> **Activity**
What's wanted here is the full listing below, repeated exactly, with no images in it.
----- Data shown -----
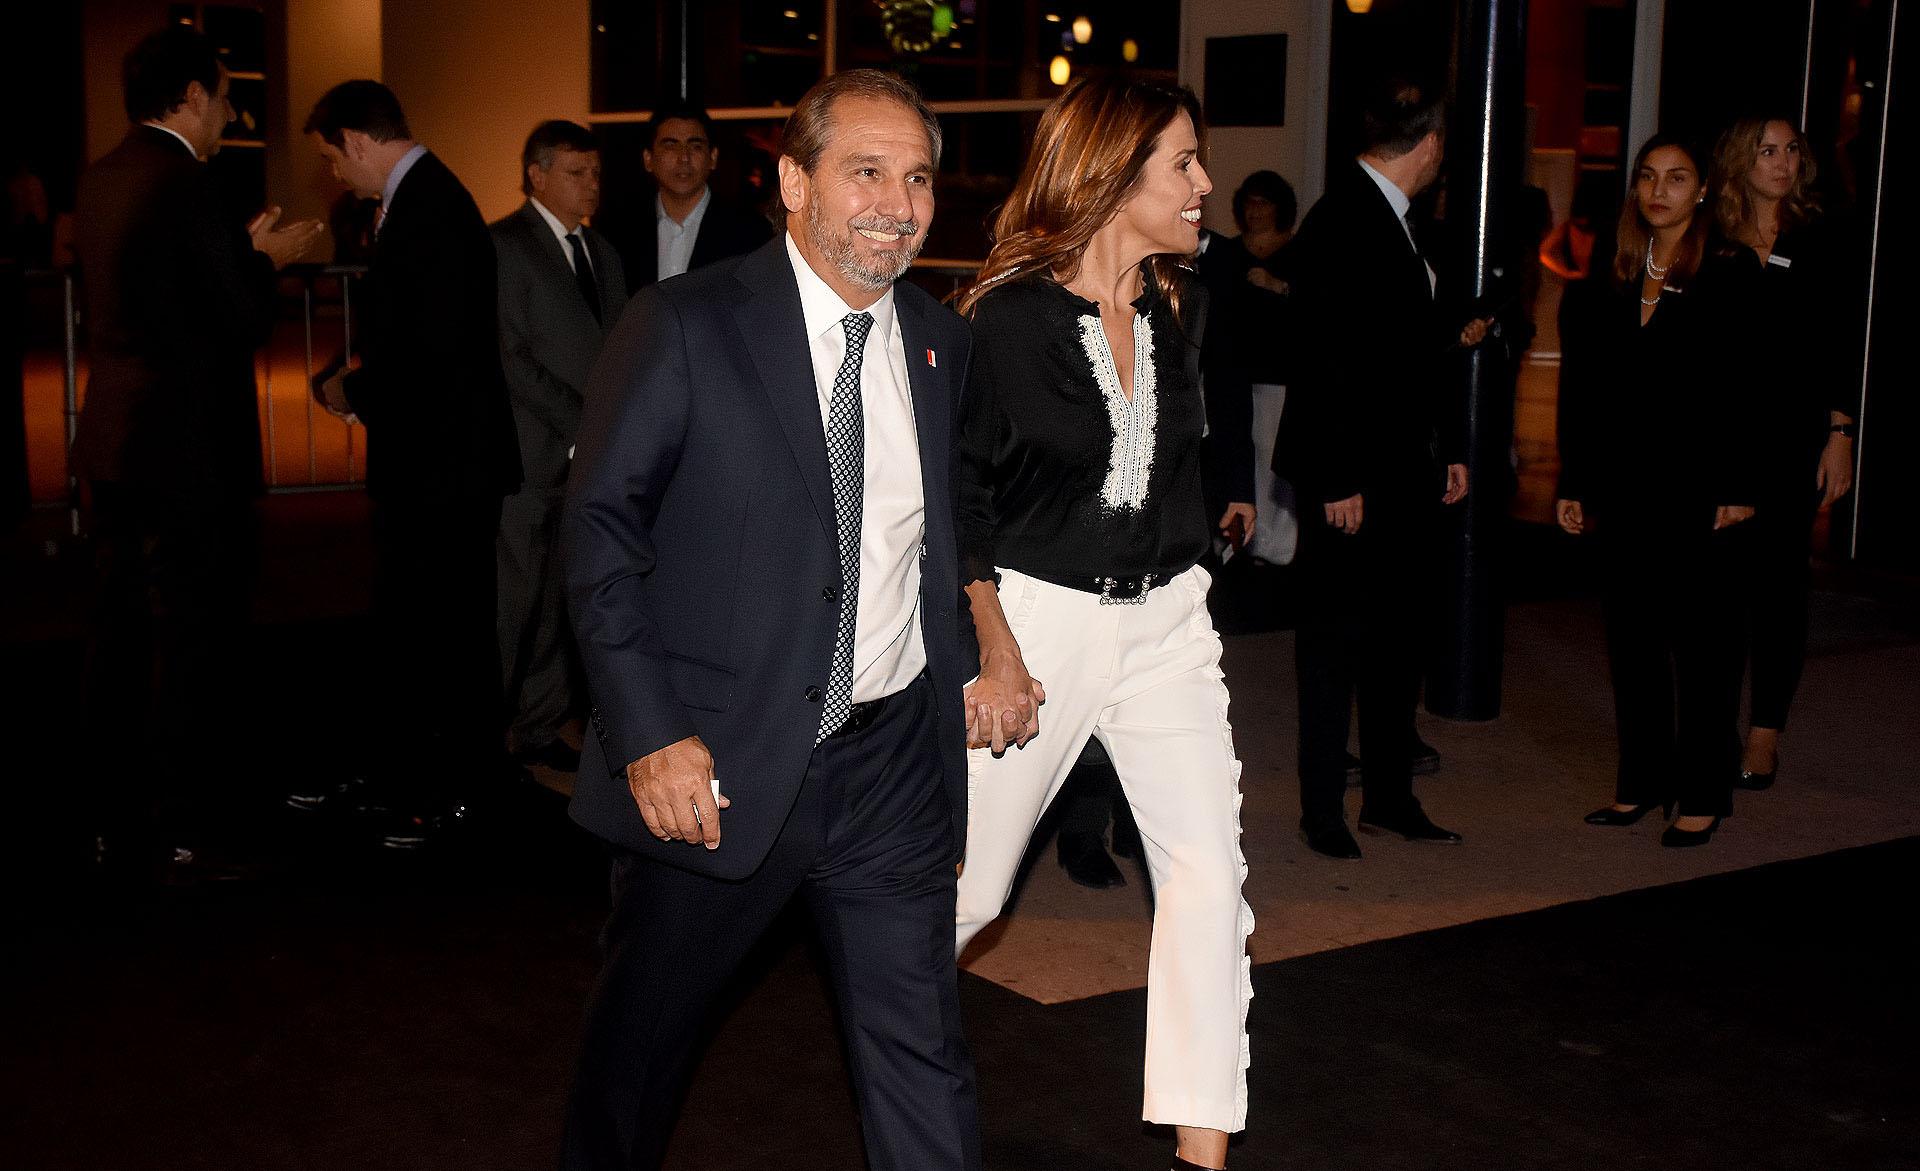 Nicolás Caputo, cónsul general de Singapur en la Argentina, y su mujer Agustina Lhez
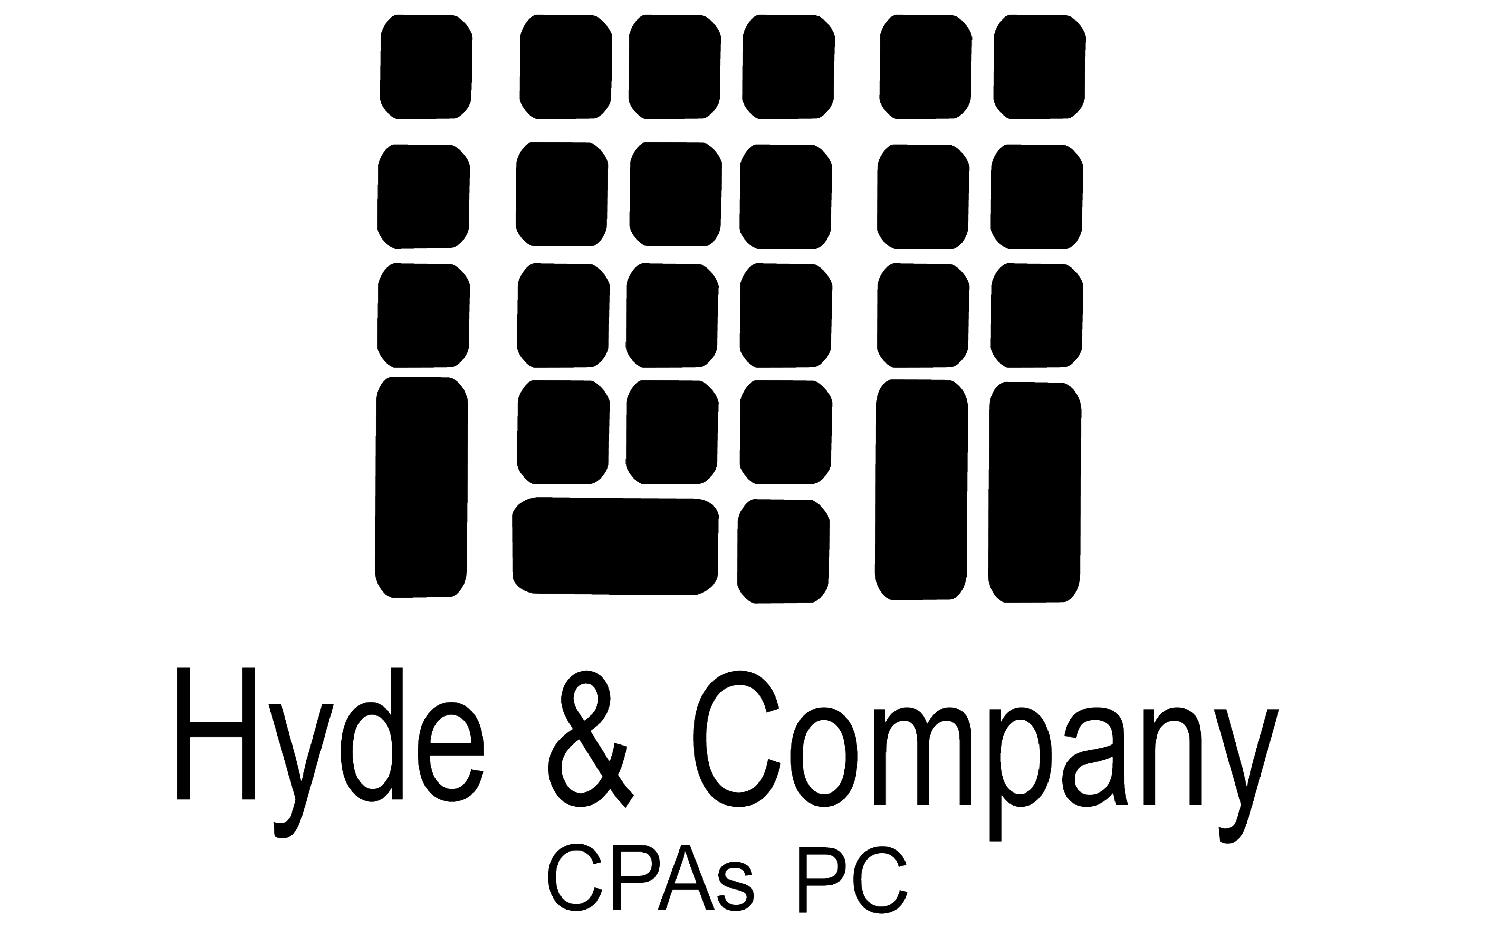 Hyde & Company CPAs, P.C. logo
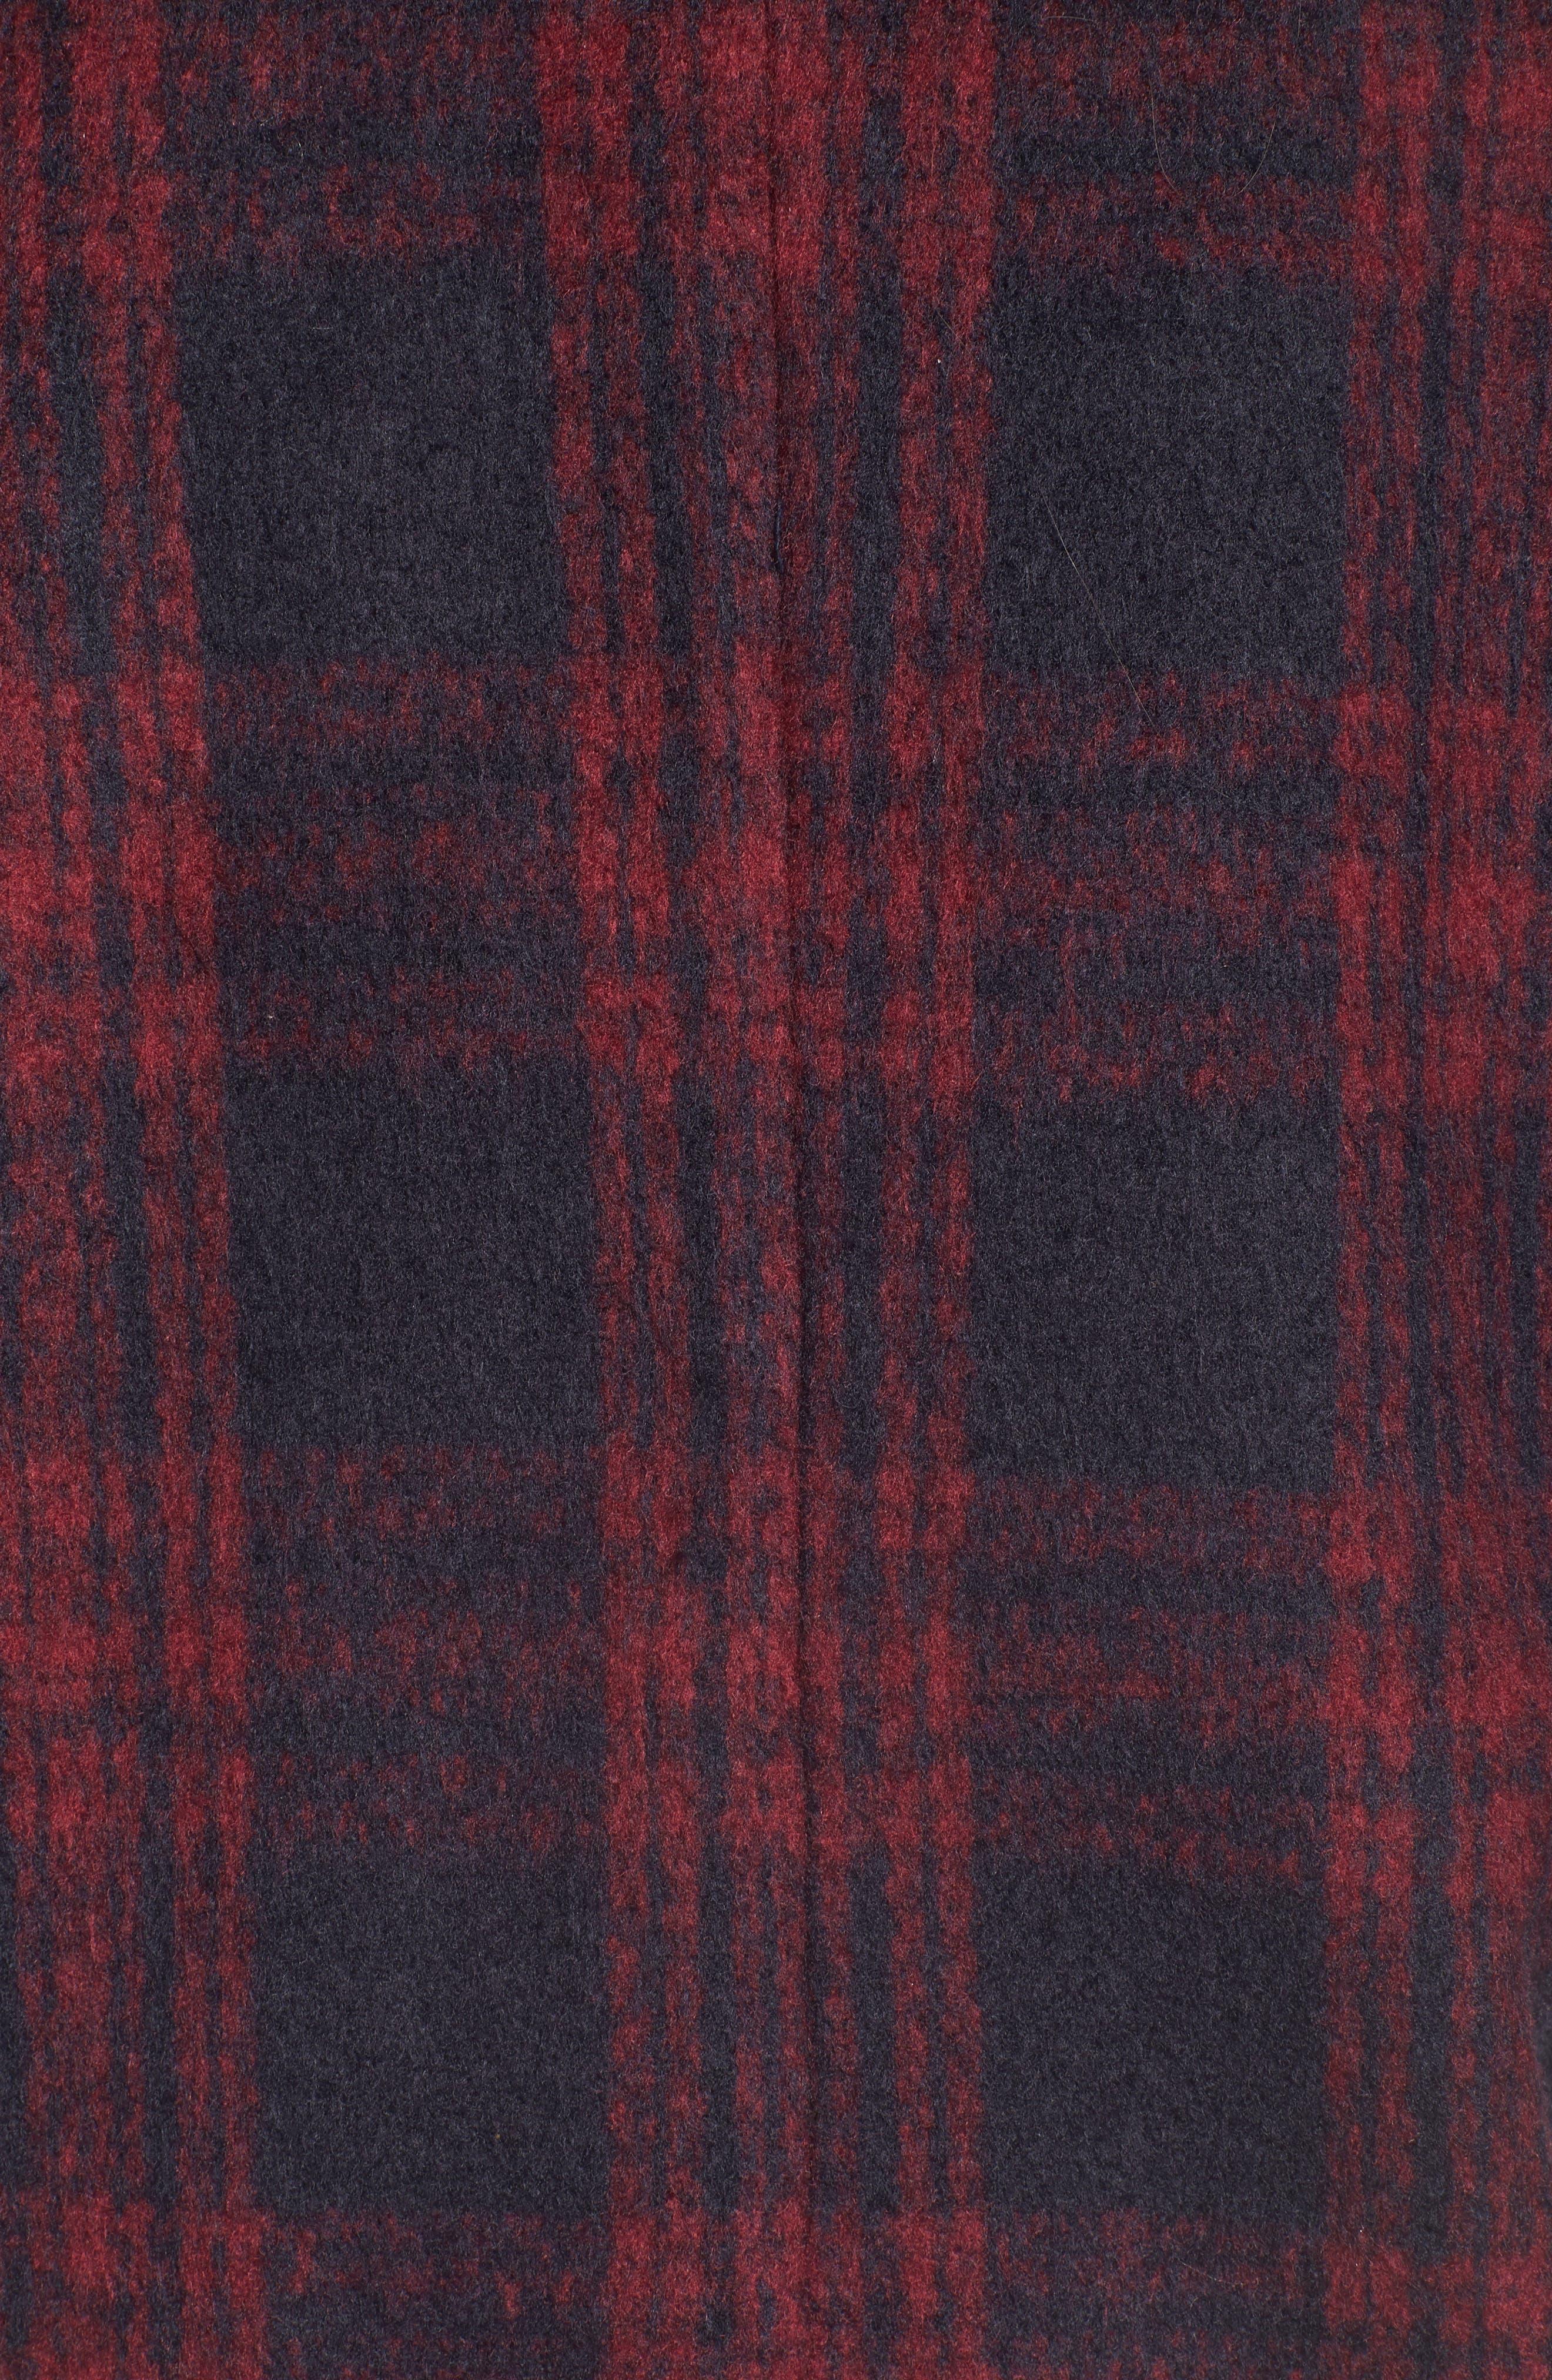 Brushed Plaid Coat,                             Alternate thumbnail 7, color,                             RED VELVET
-----
> **Result of this task**
 Nicolás Caputo, cónsul general de Singapur en la Argentina, y su mujer Agustina Lhez
 Hyde & Company CPAs, P.C. logo
 Brushed Plaid Coat,                             Alternate thumbnail 7, color,                             RED VELVET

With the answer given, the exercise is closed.